Crowdstreet Review 2022: An Honest Review of the Largest Online Real Estate Investment Marketplace

Founded in 2013, Crowdstreet has become a leading platform connecting accredited investors with various real estate investments through its crowdfunding platform shortly after the JOBS Act allowed this business model.

I have personally invested in two brand new construction projects through Crowdstreet. The first is a student housing project in Texas in late 2019, and the second is a workforce housing project in another part of Texas in early 2021. Both expect annual returns (measured by internal rate of return) of more than 20% per year. This is slightly higher than the average realized return of 17.3% on the 63 trades completed on the platform, which should be to be expected for an investment considered to be on the higher end of the risk spectrum in the types of trades it offers.

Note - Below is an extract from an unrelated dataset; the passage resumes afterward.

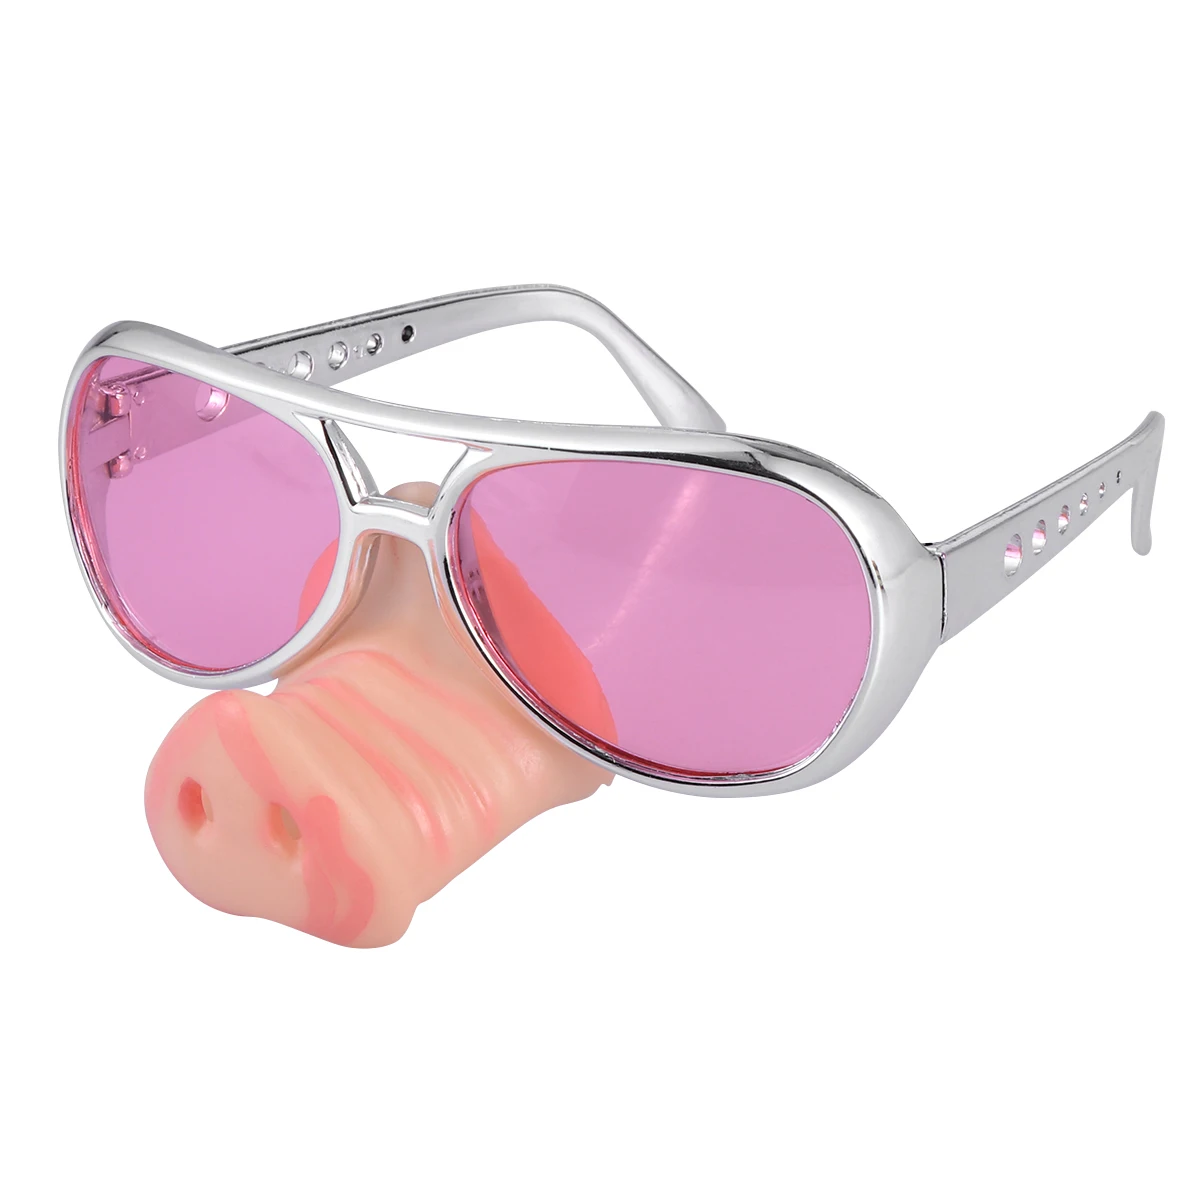 

Funny Halloween Pig Nose Sunglasses Fancy Dress up Piggy Snout Eye-catching Party Favor Glasses Funny Costume Accessories (Pink)
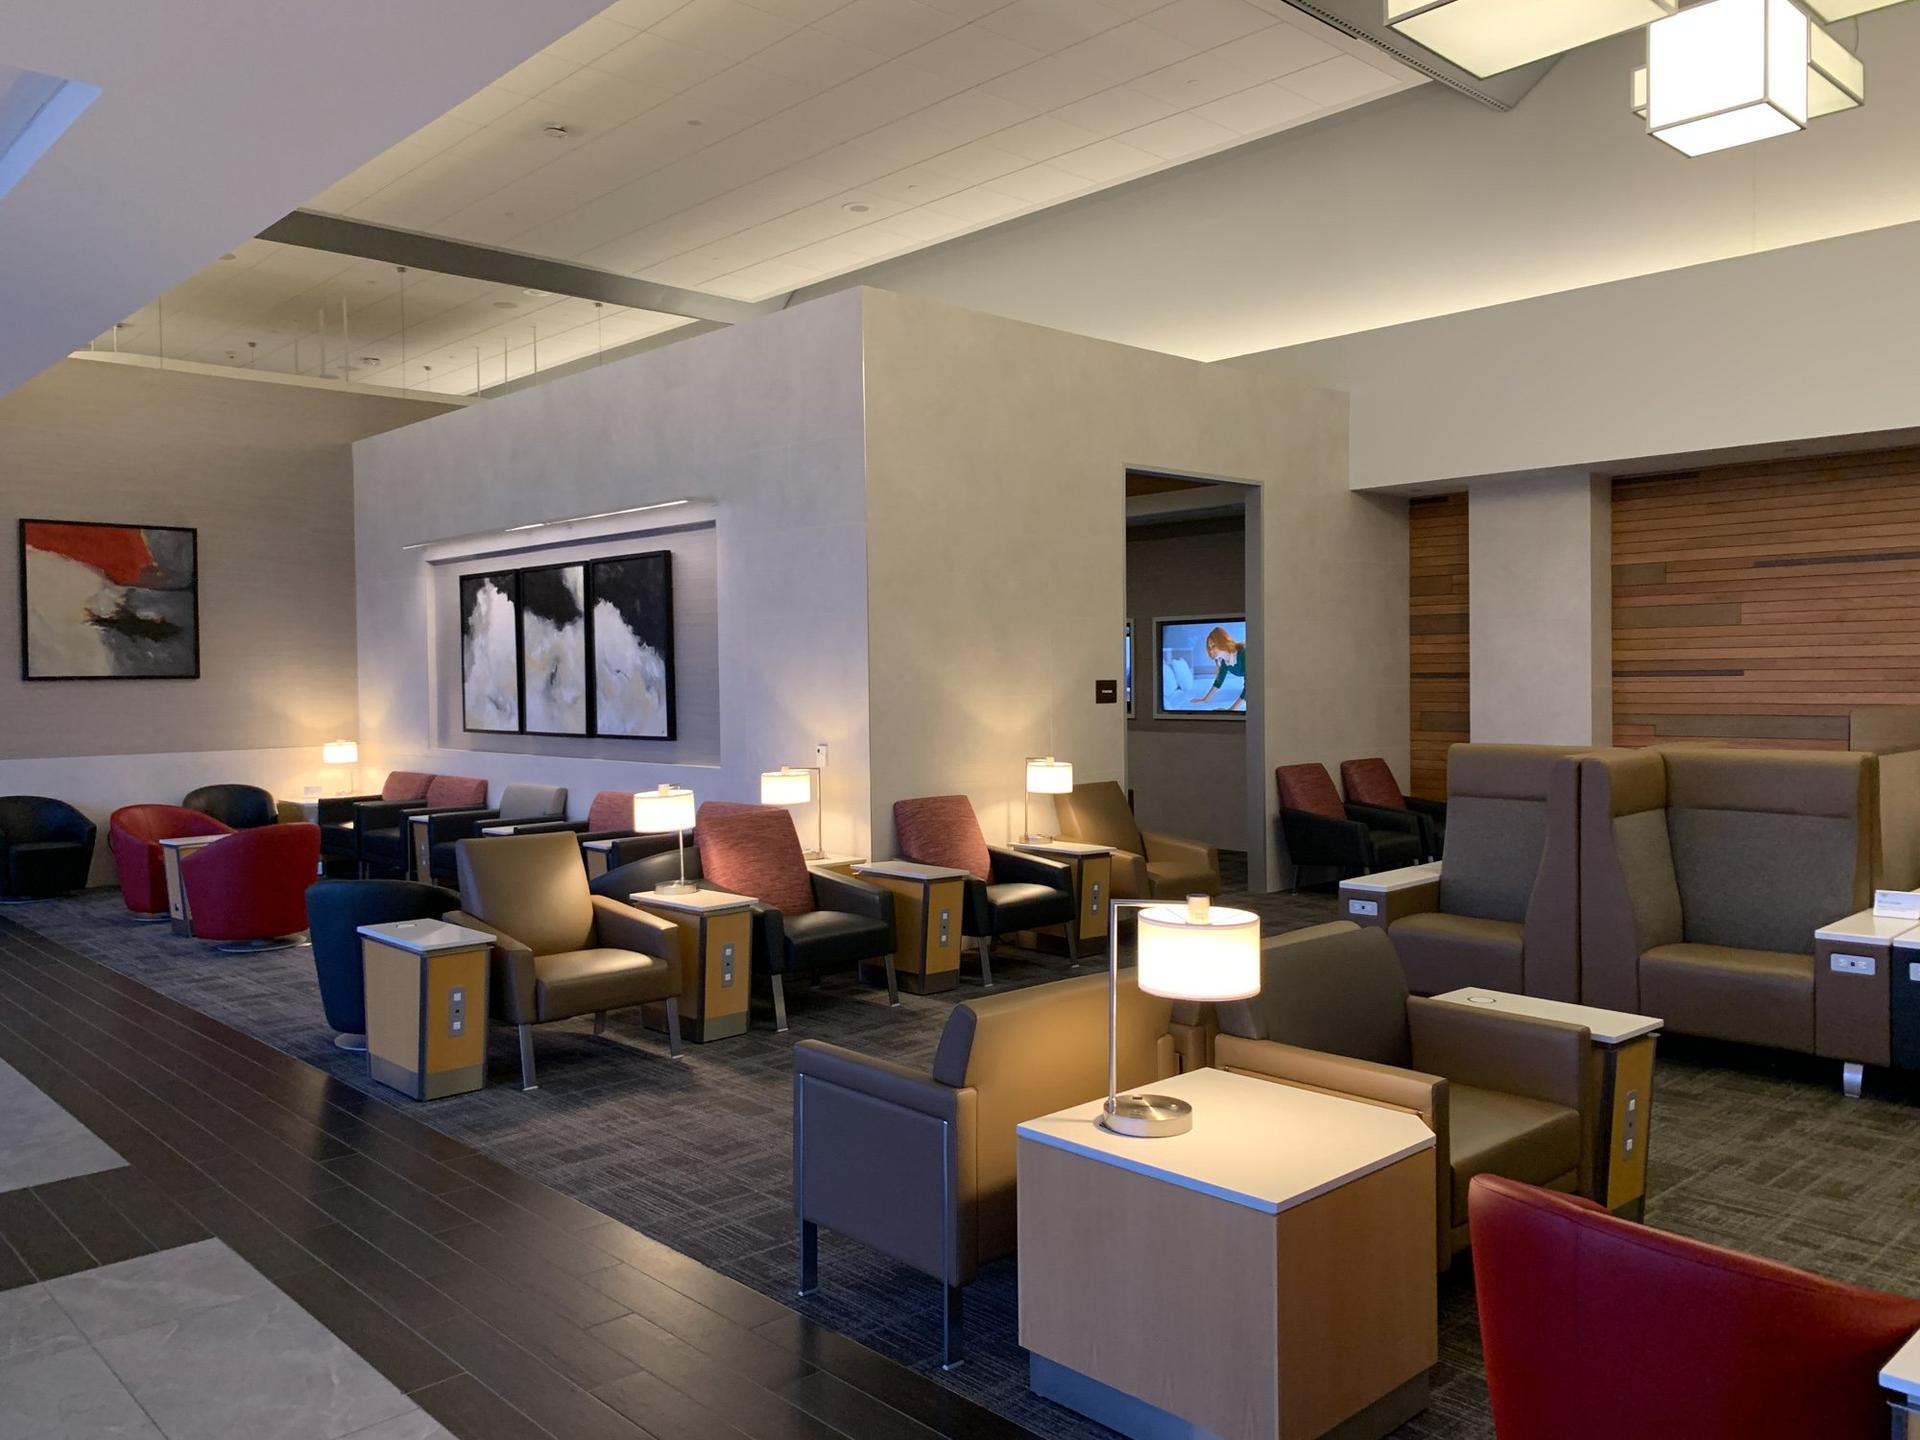 American Airlines Flagship Lounge image 42 of 55

Having invested through Crowdstreet and many other real estate investment firms for about 4 years, I can compare and contrast Crowdstreet and my experience with them well with other options for your real estate dollars. I can’t say I’m not biased; Crowdstreet is an advertiser and referral partner for Physician on FIRE.
Crowdstreet Transaction Process

While being the biggest doesn’t automatically make it the best, I feel that Crowdstreet stands out in both the variety and number of deals it offers.

Some real estate companies, such as Origin Investments and DLP, only provide funding to accredited investors. Others, including Fundrise, Groundfloor and Diversyfund, specialize in funds for non-accredited investors. These funds are a great way to get instant diversification in passive real estate, but you have little control over what types of investments you make and where.

Other platforms focus on different niches. PeerStreet lets you invest in personal loans for fixed and flip properties. Roofstock offers turnkey single-family rental properties for sale. Acretrader focuses on farmland.

The platforms most similar to Crowdstreet are probably EquityMultiple, Alpha Investing, and RealtyMogul. All three offer individual transactions and the occasional real estate fund.

What sets Crowdstreet apart is the number and breadth of deal types on offer.

In terms of variety, they offer investments in the following real estate asset classes: Office, Industrial, Hospitality, Senior Residential, Retail, Single Family, Flexible/Office, Multi-Asset, Mixed Use, Multi-Family, Storage, Flexible R&D, Cannabis, Franchise Schools, banknotes, medical offices, data centers, student housing, prefab homes, build-to-rent, parking lots, land, co-living, and vets.

It’s a continuous sentence stating that they have something to offer every potential real estate investor.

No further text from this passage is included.